(SUPPLIED DATA Opens)

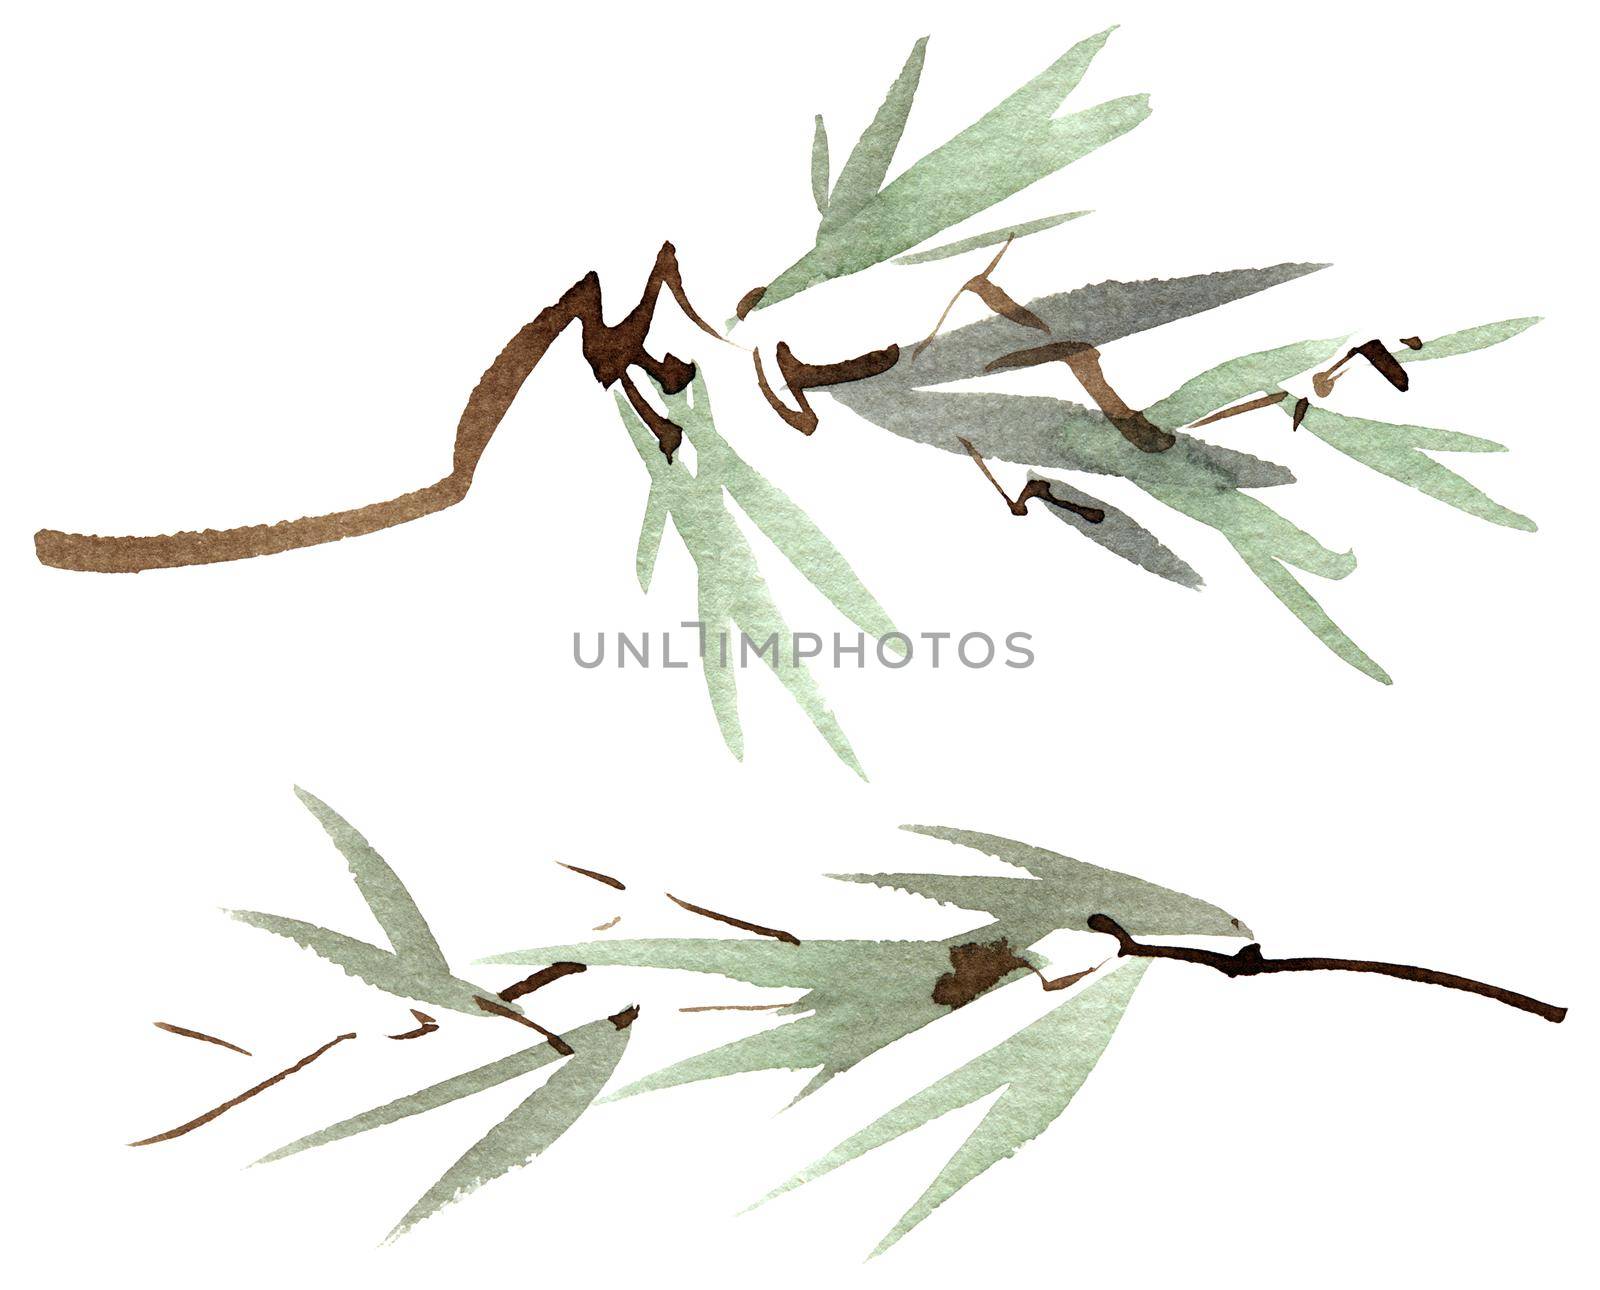 Watercolor and ink illustration of tree leaves - set of branches on white background. Oriental traditional painting in style sumi-e or gohua.
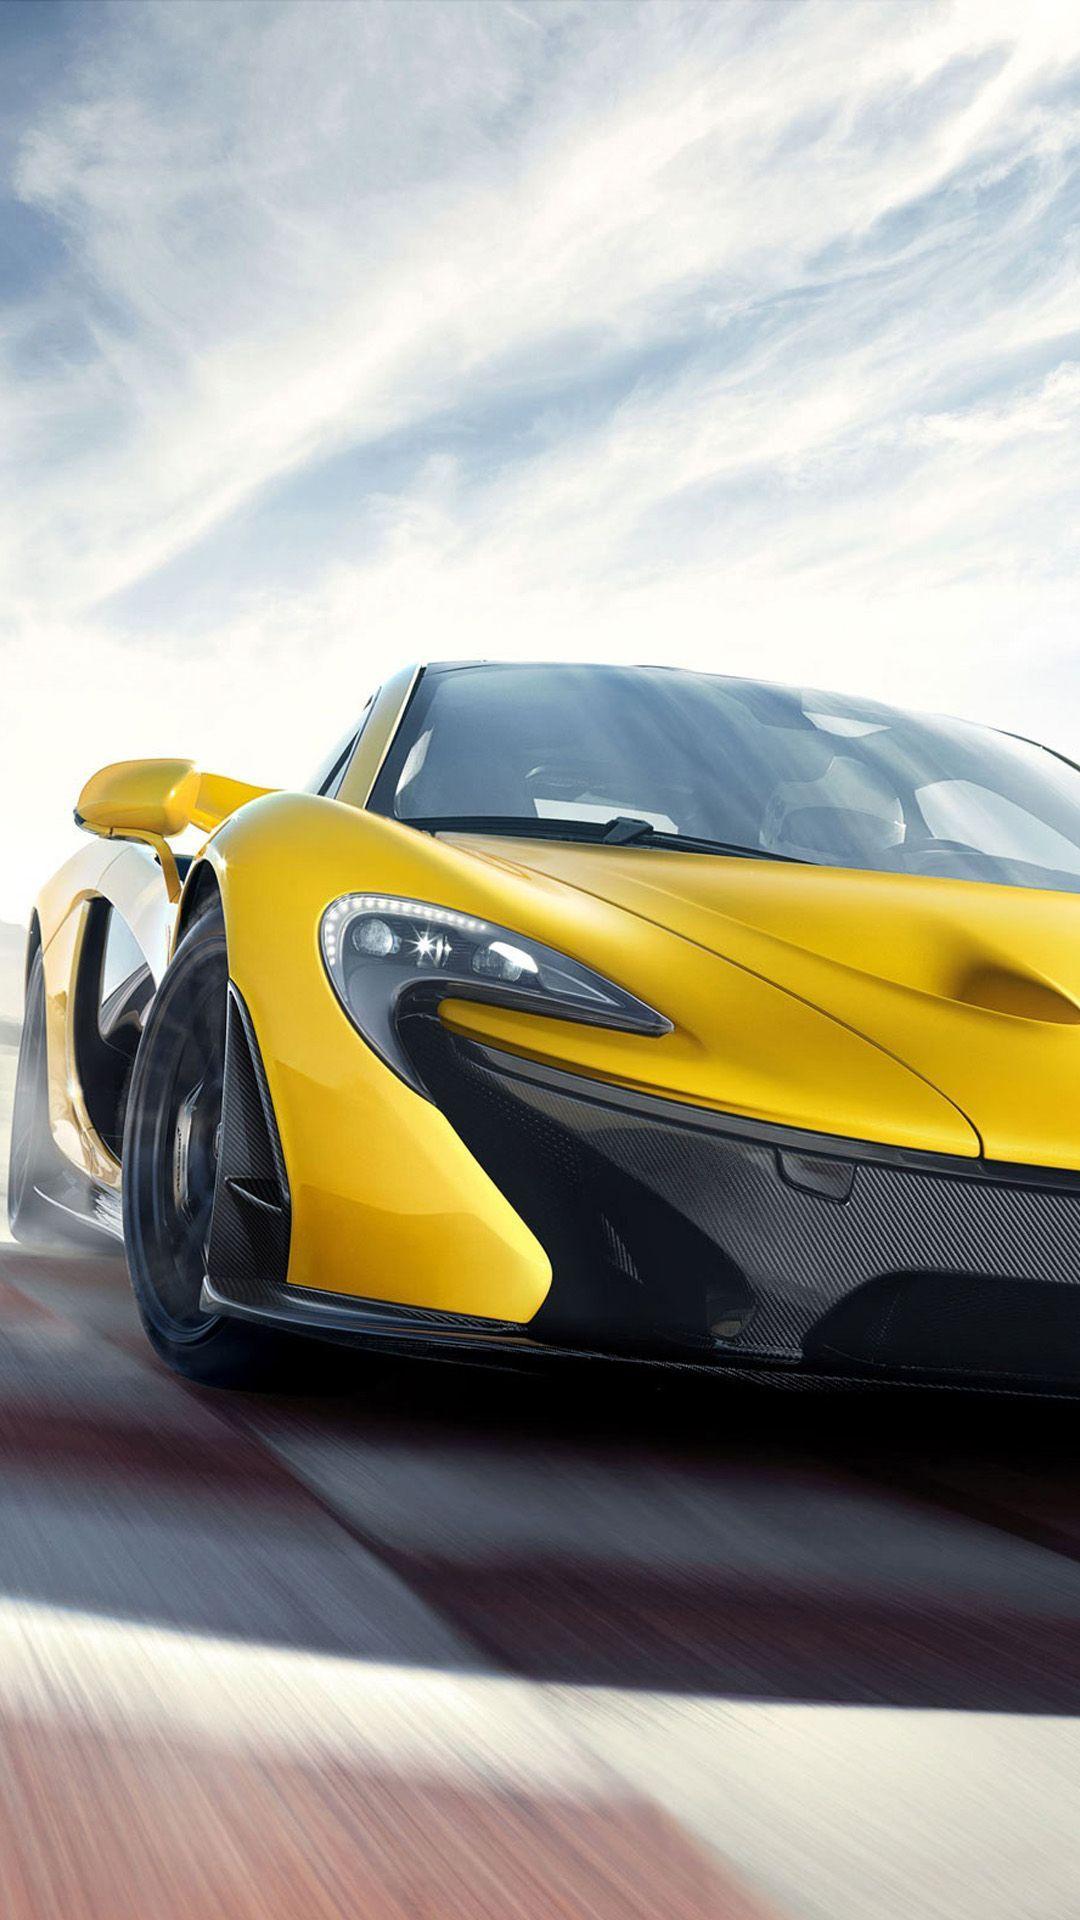 McLaren P1 2014 htc one wallpaper, free and easy to download
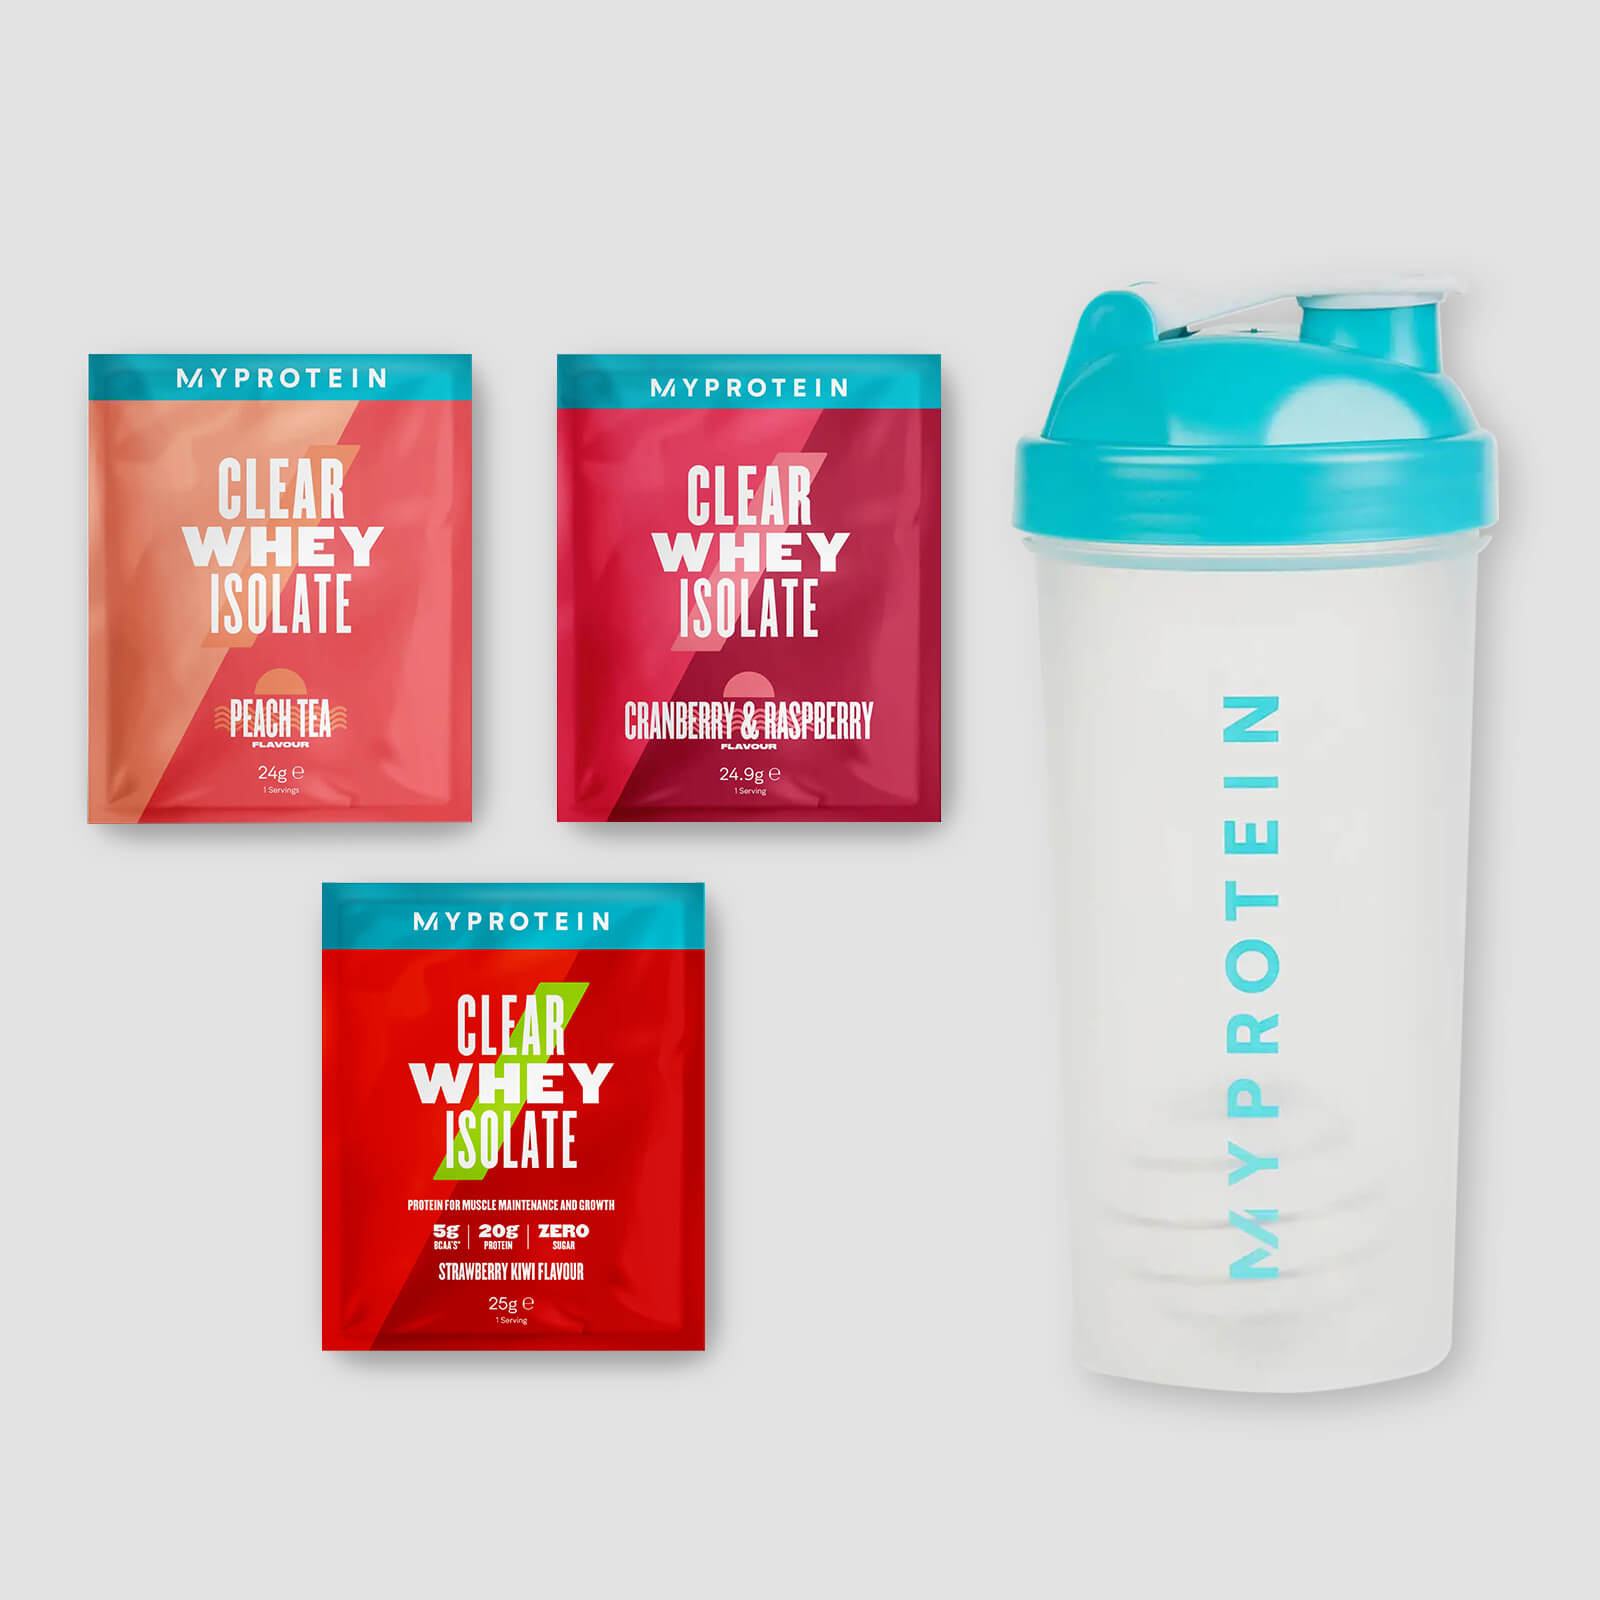 Myprotein Clear Whey Isolate Starter Pack

(SUPPLIED DATA Closes)

> _EXERCISE REQUIREMENTS_
The lines above must be transcribed exactly, with every picture left out.

> _SOLUTION TO THIS PROBLEM_
 Watercolor and ink illustration of tree leaves - set of branches on white background. Oriental traditional painting in style sumi-e or gohua.
 McLaren P1 2014 htc one wallpaper, free and easy to download
 Myprotein Clear Whey Isolate Starter Pack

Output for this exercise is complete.